WHAT IS NEEDED:
Leaving the pictures aside, reproduce the data in full and word for word.

Segment Start: DATA BLOCK

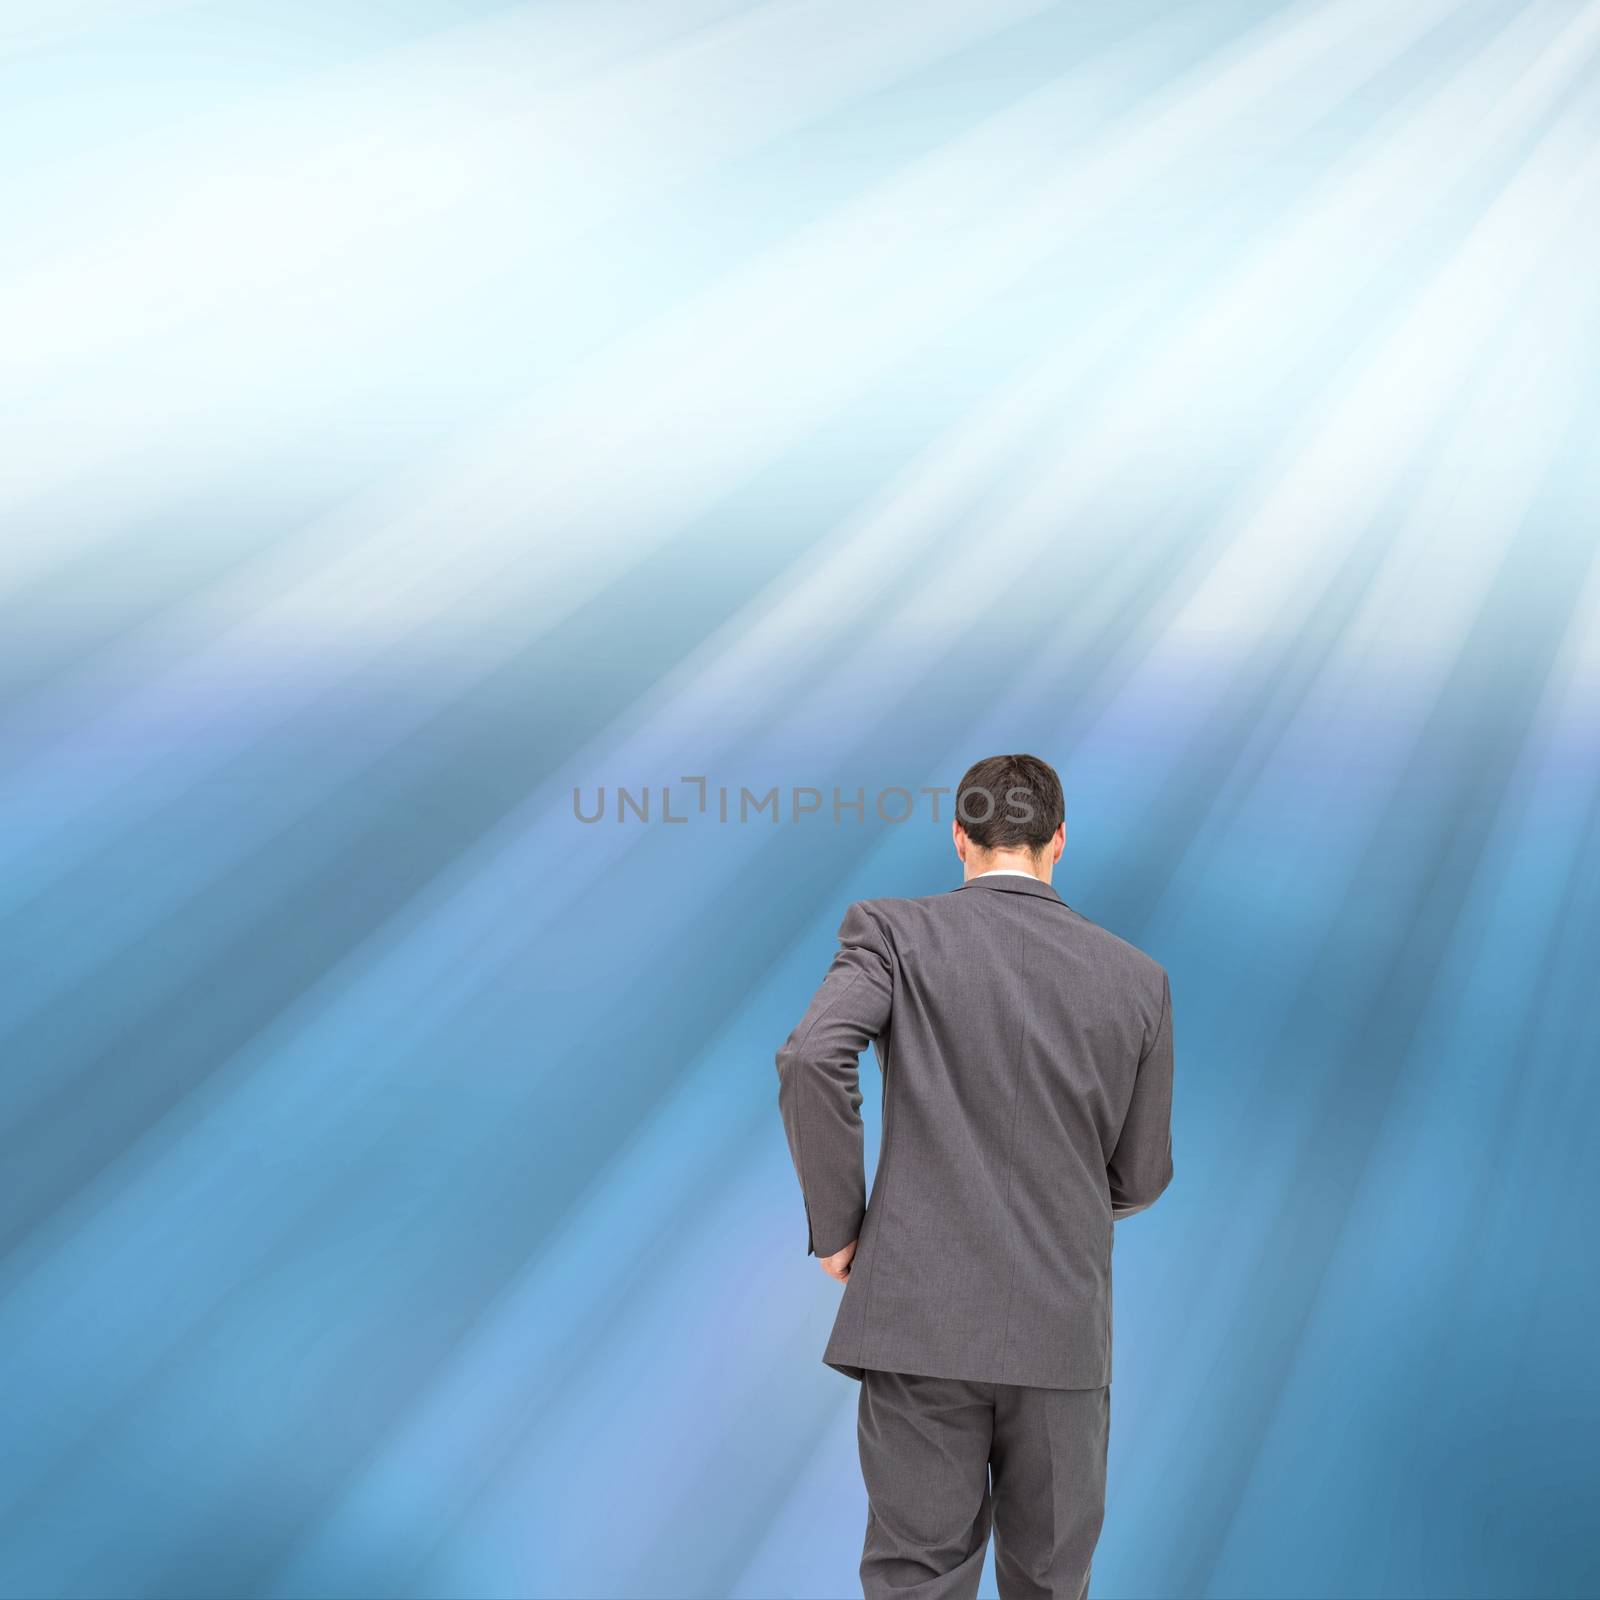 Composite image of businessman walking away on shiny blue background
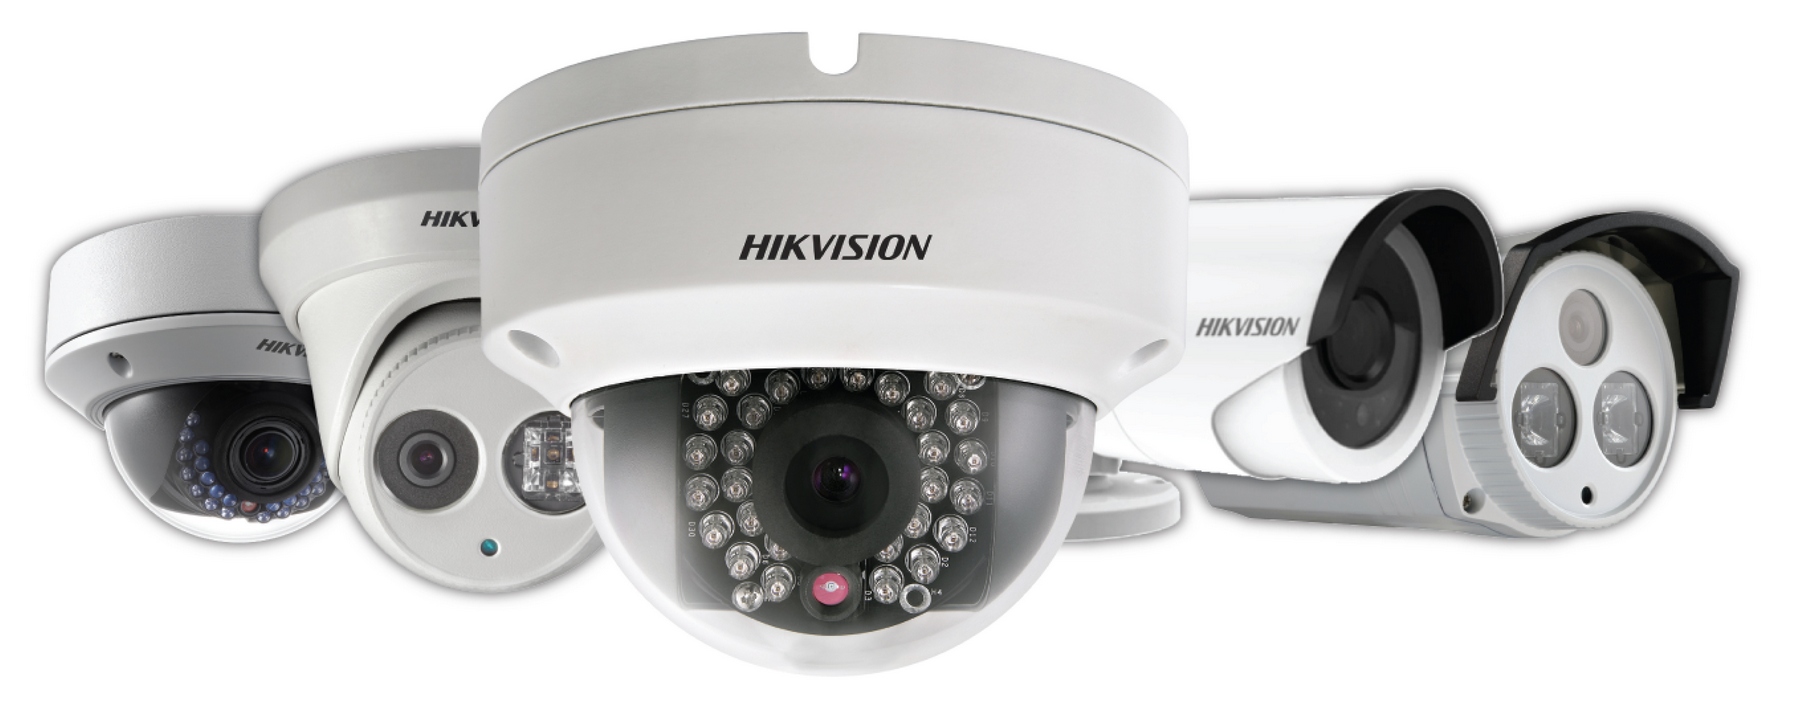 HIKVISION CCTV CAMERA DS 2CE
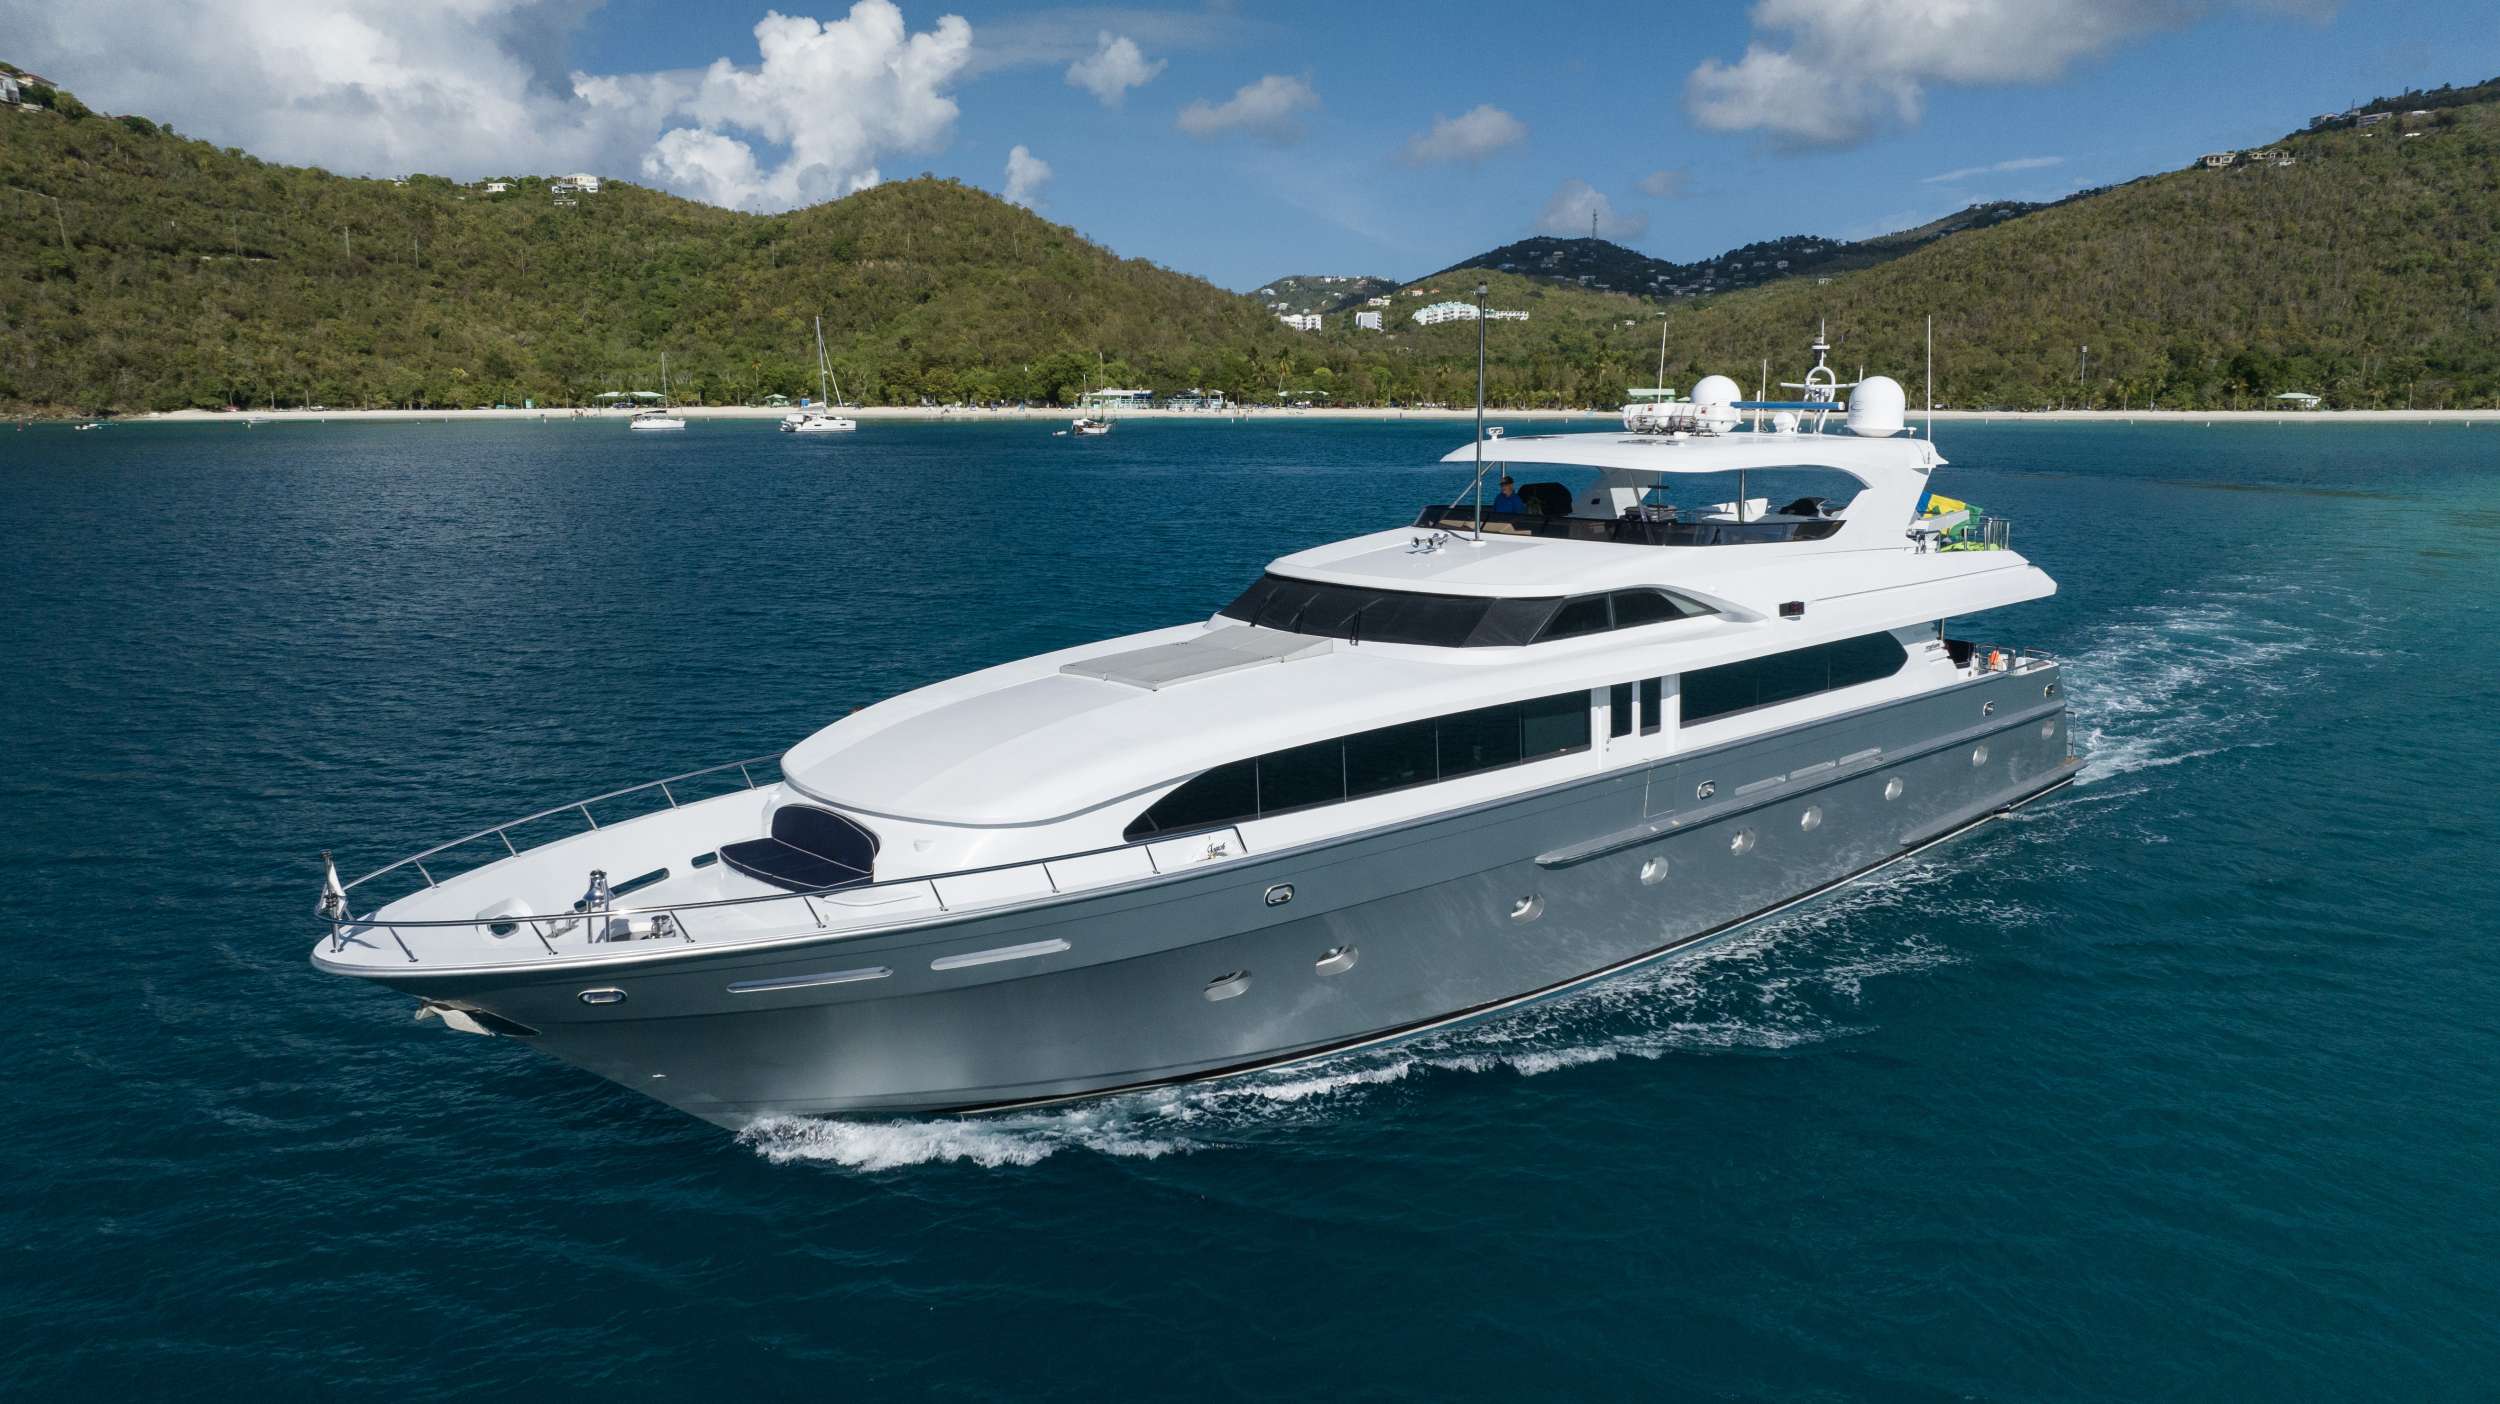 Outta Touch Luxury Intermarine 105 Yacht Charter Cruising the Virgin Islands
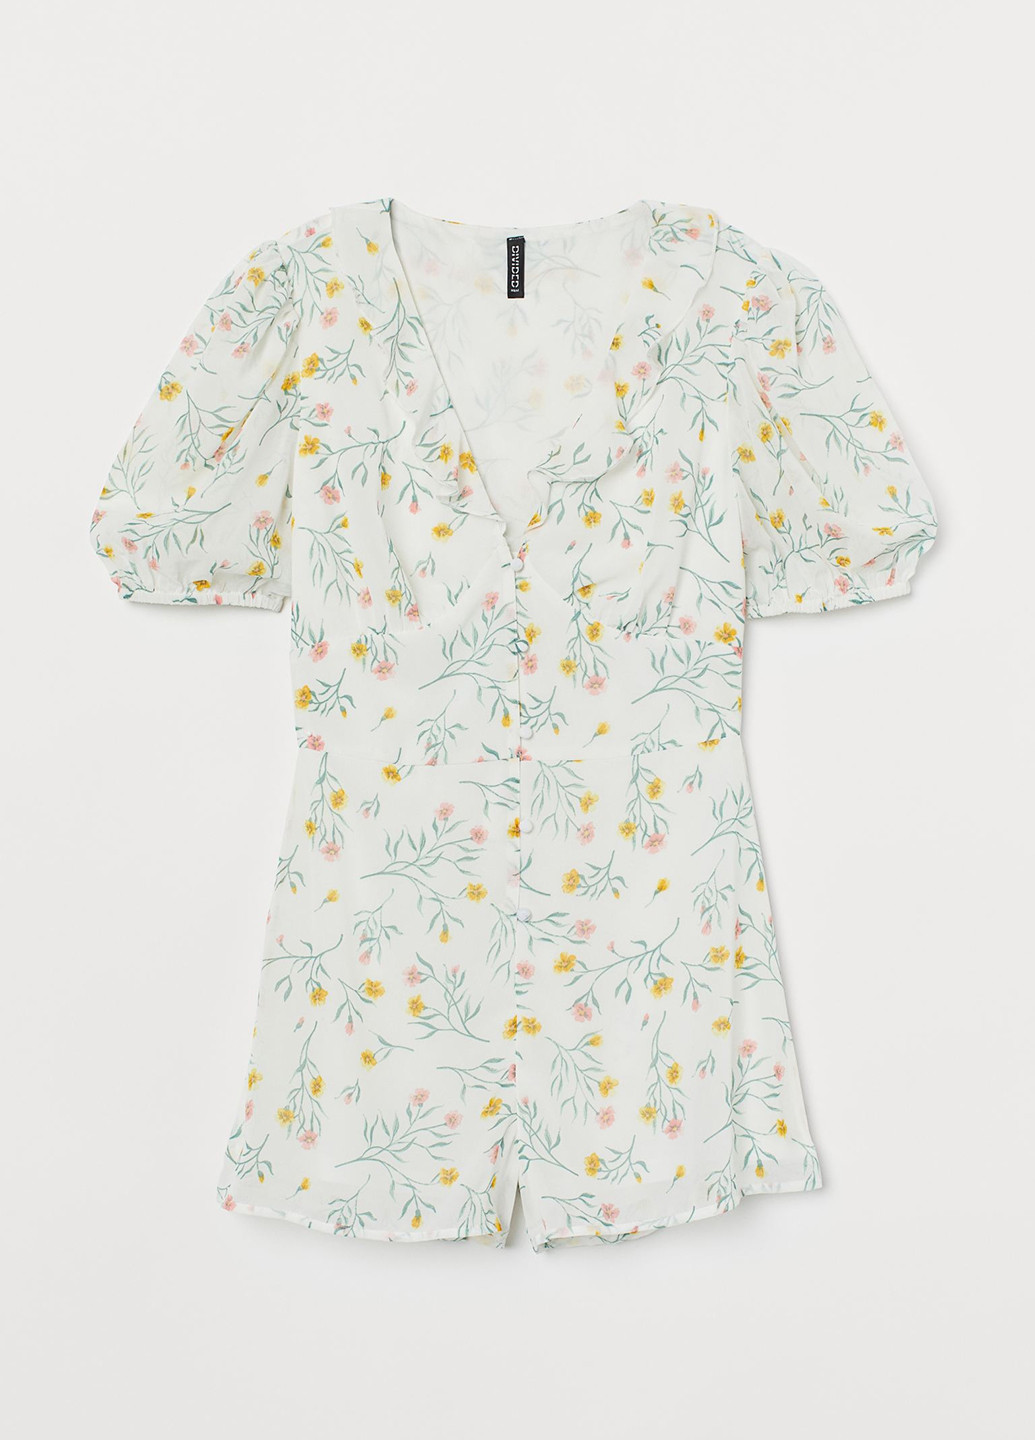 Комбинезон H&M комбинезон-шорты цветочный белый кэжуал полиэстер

Segment End: DATA BLOCK

YOUR SOLUTION:
 Composite image of businessman walking away on shiny blue background
 HIKVISION CCTV CAMERA DS 2CE
 Outta Touch Luxury Intermarine 105 Yacht Charter Cruising the Virgin Islands
 Комбинезон H&M комбинезон-шорты цветочный белый кэжуал полиэстер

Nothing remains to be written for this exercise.